I remember my first encounter with Microsoft Excel many years ago, possibly Excel 95. I was immediately fascinated by all the graph options and effects available. Like my later fascination with WordArt, this phase thankfully passed. However, some graphs from that era serve as a fascinating warning against prioritizing form over content.
One graph displayed four lines, each representing the distribution of a variable across ordered categories. But, why not add a third dimension? So, the lines became surfaces, overlapping in a false perspective, losing sight of visual anchors like axes and grid lines, making comparison difficult. And if you look closely at the horizontal axis, the grid lines don’t even match the tick marks, so it hardly matters. It’s tough to get much out of this graph.
Getting rid of the unnecessary 3D effect is easy. Even then, we could end up with four cluttered lines crossing over each other. So, splitting the graph into four (known as “Small multiples”), each focusing primarily on one distribution seemed apt. The remaining three are always drawn in the background for context.
Since these are graphs of probability distributions, not just any line graph, it might be even more appropriate to use a smoothed line (a kernel density plot) or a bar graph without gaps between the columns (i.e. de facto a histogram).
Dealing with 38 time series, most with 20 data points each, amounts to nearly 800 data points on a single graph. This can easily result in a “spaghetti” graph. The lines overlap, making it nearly impossible to follow any one from start to finish, and the color scheme doesn’t have 38 distinct colors — so each color is shared by 3 or 4 lines. I feel obliged to clarify that this chart was actually featured as a bad example of a standard Excel chart by its authors.

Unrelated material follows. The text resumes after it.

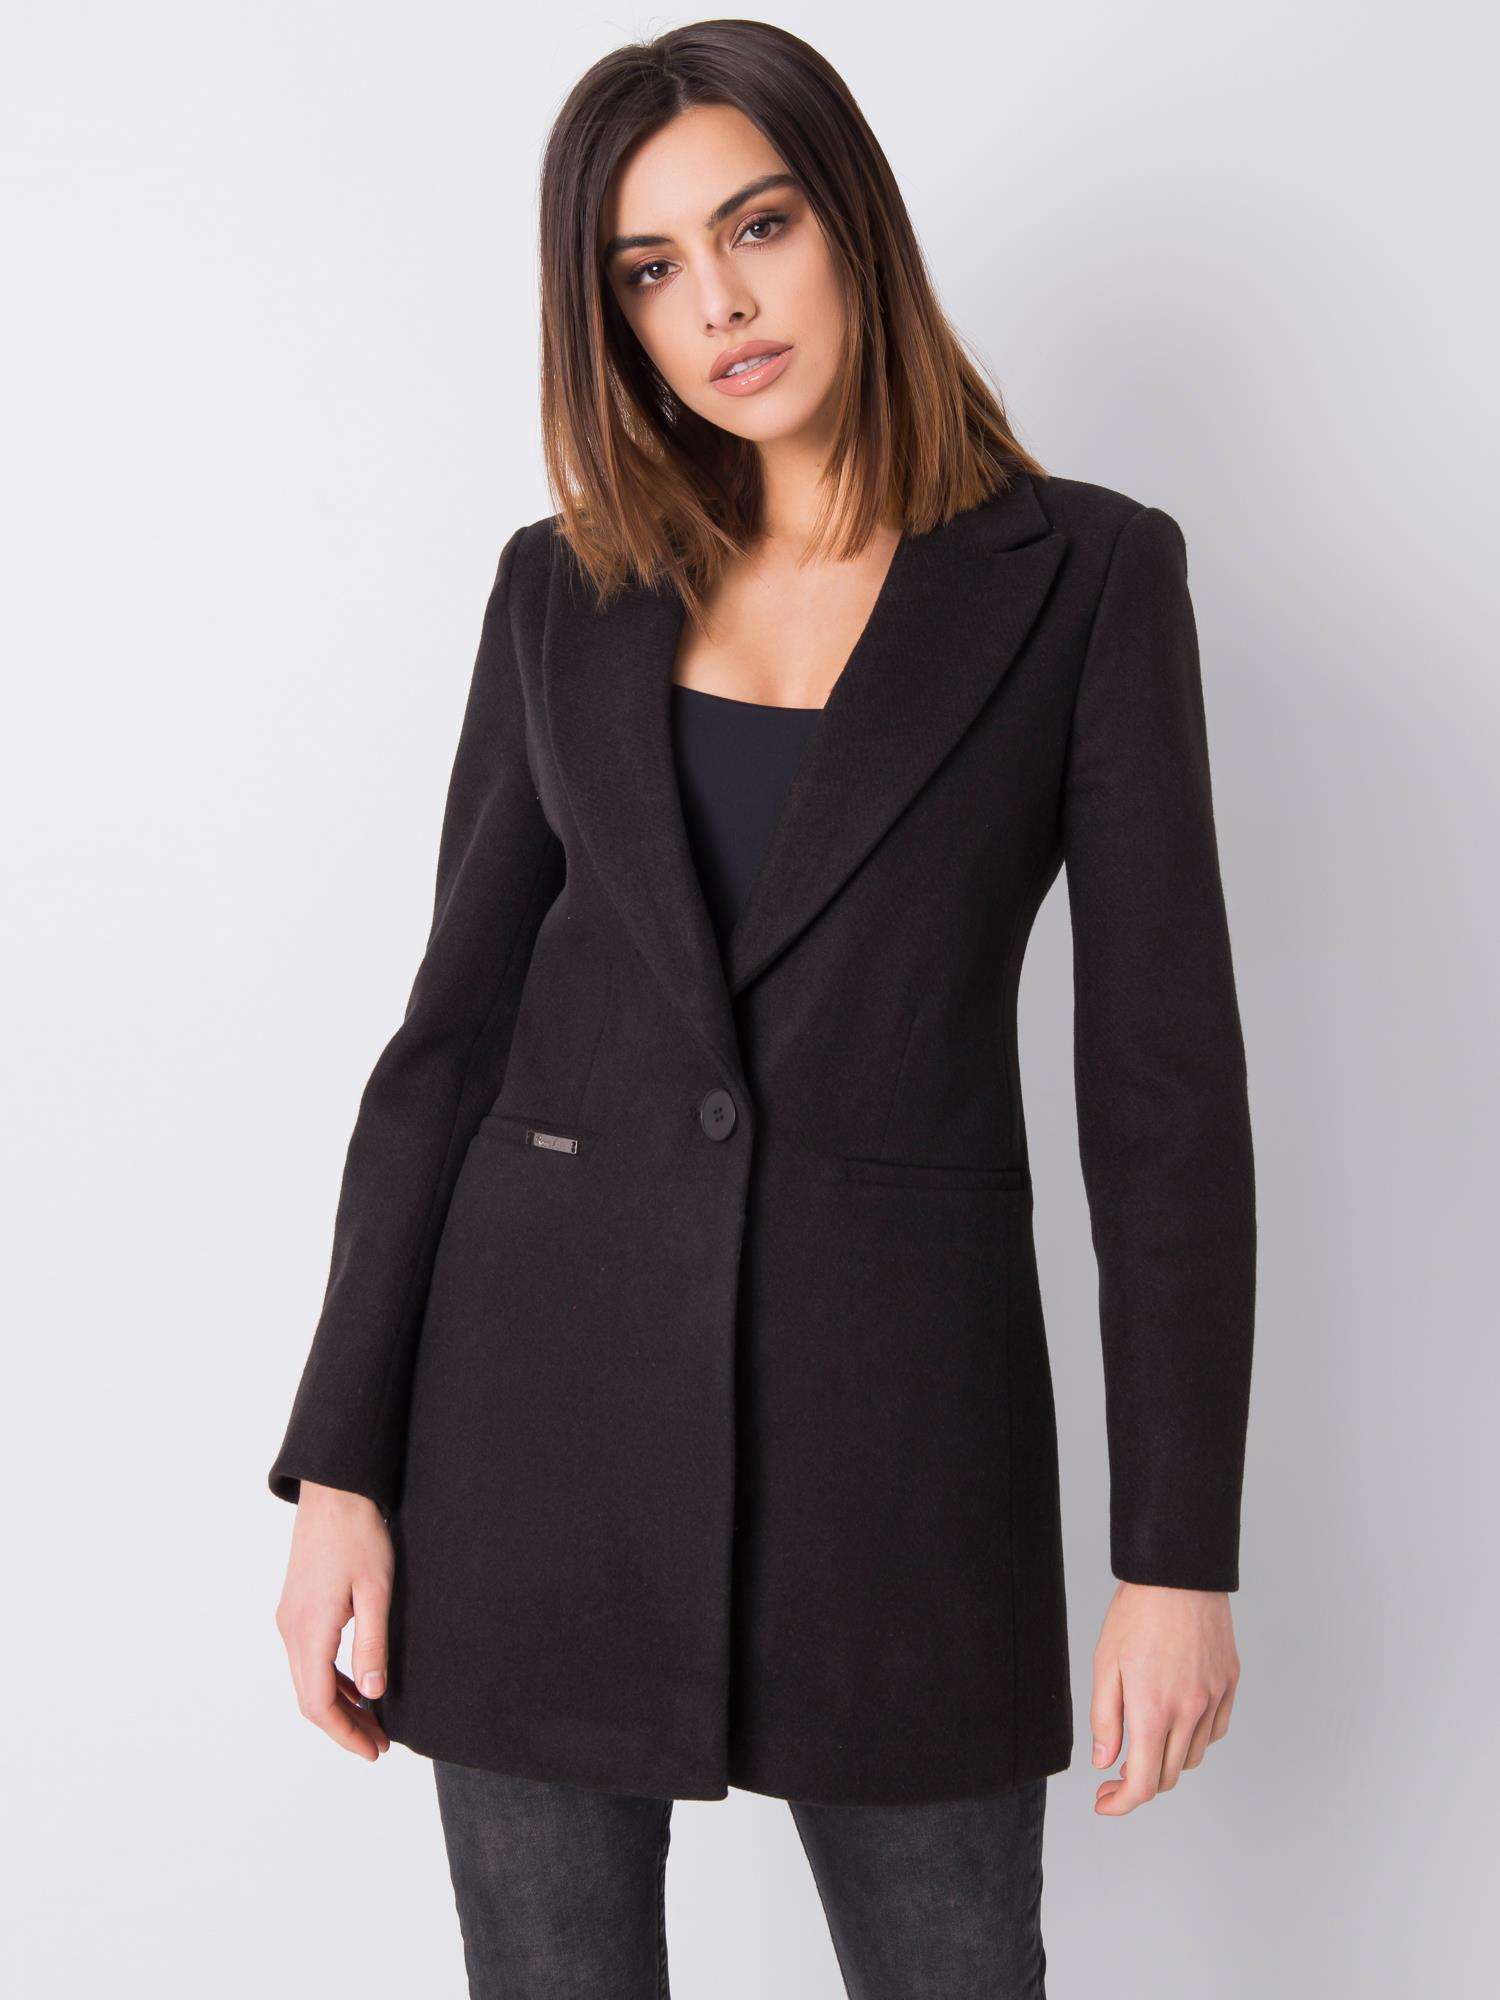 Čierny klasický dámsky kabát S
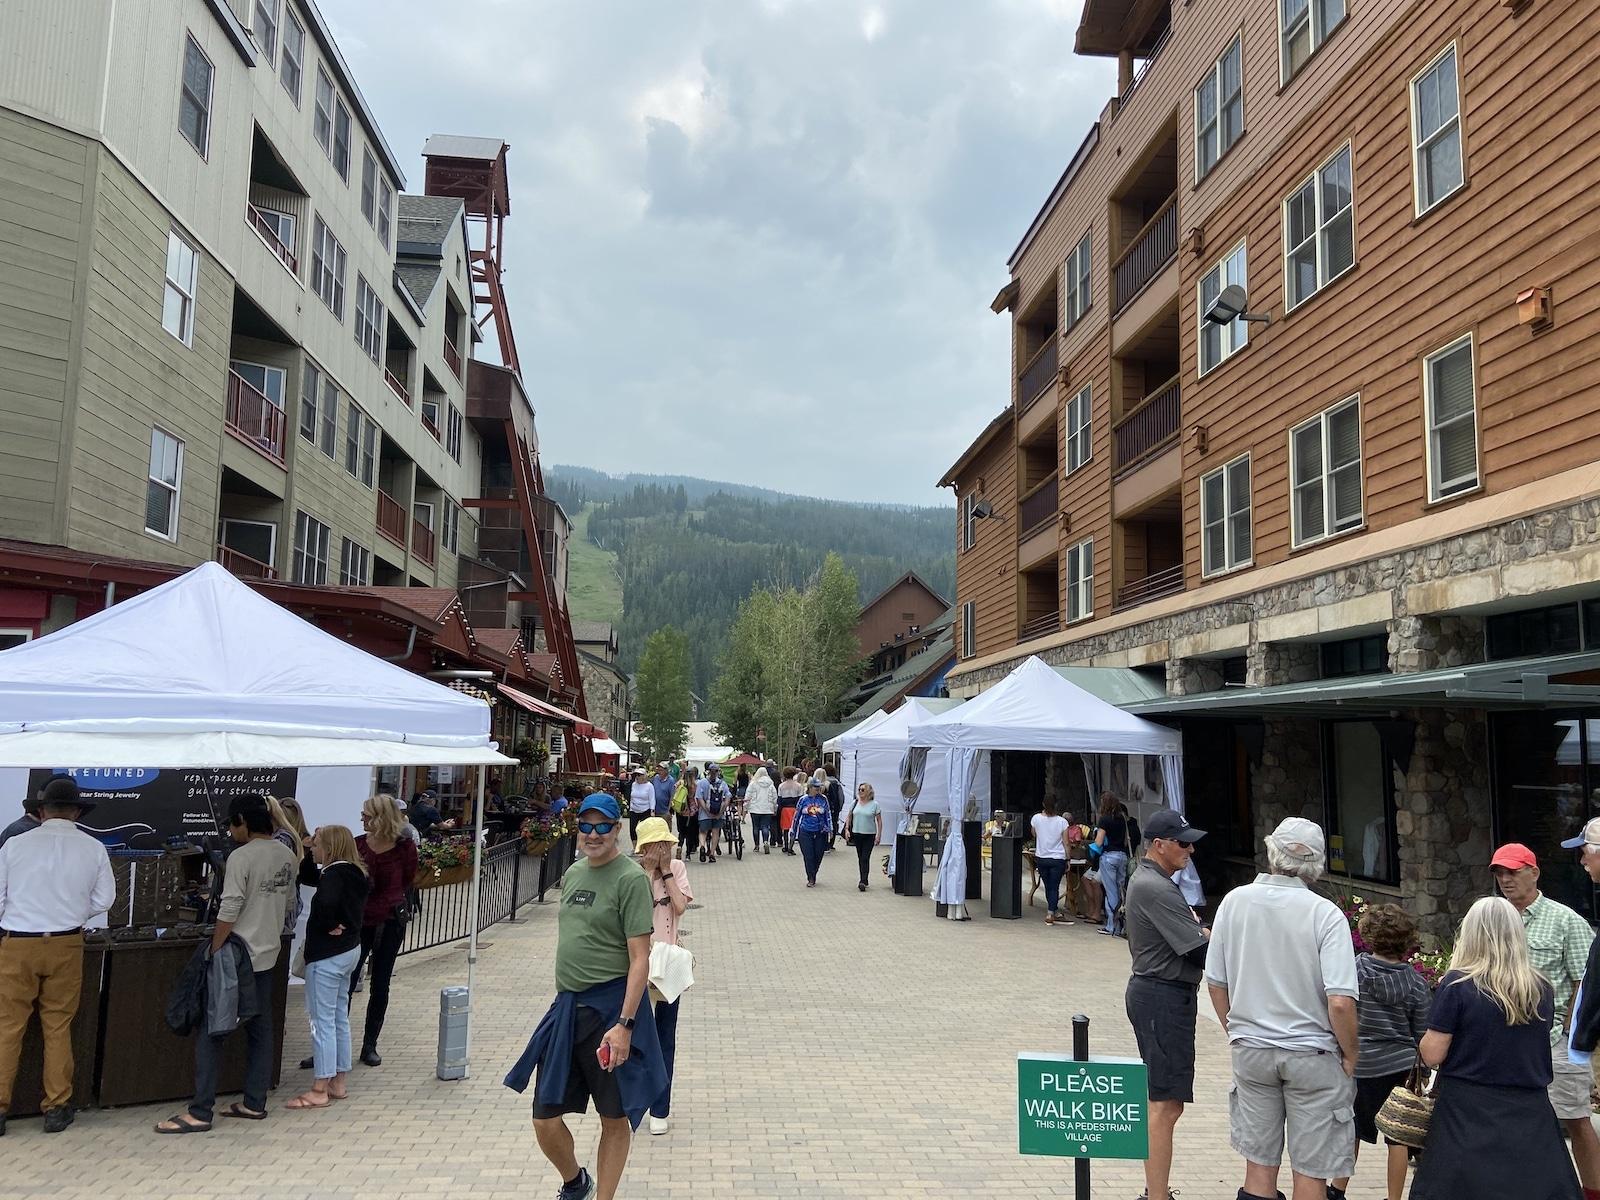 Keystone Colorado Summer Art Festival

When we have this much data, displaying it all in one graph is extremely challenging. We should consider what information we want to convey to the audience and focus our visualization primarily on that.
If we really need to show all nearly 800 data points, a simple table might be more appropriate. Coloring the cells so that the color (or its intensity) is proportional to the value would make sense. This “preattentive attribute” significantly eases navigation, as it gives a visual cue about the values in the table without needing to read the actual numbers.
If we’re interested in comparing values at a specific point in time (like in 2021), a table sorted by these values, supplemented with Sparklines — small graphs without axes that put the numbers into the context of their historical development — might suffice. (Please excuse the depiction of 2020–2021, which was not in the original graph — our mistake in creating the visual materials.)
And if we want to focus on the development of a specific series, we can use the “small multiples” strategy mentioned in the previous paragraph.
To encapsulate what I’ve demonstrated through various examples, I would conclude this article with a few universal principles. Before you start designing a graph, first articulate the core message you wish to convey to your audience, and tailor the graph to make that message clear. Avoid unnecessary decorations; simplicity in graphs can be both beautiful and effective. And when it really matters, present your graph to a few individuals who are unaware of its context. If they can immediately interpret it correctly, you’re on the path to success.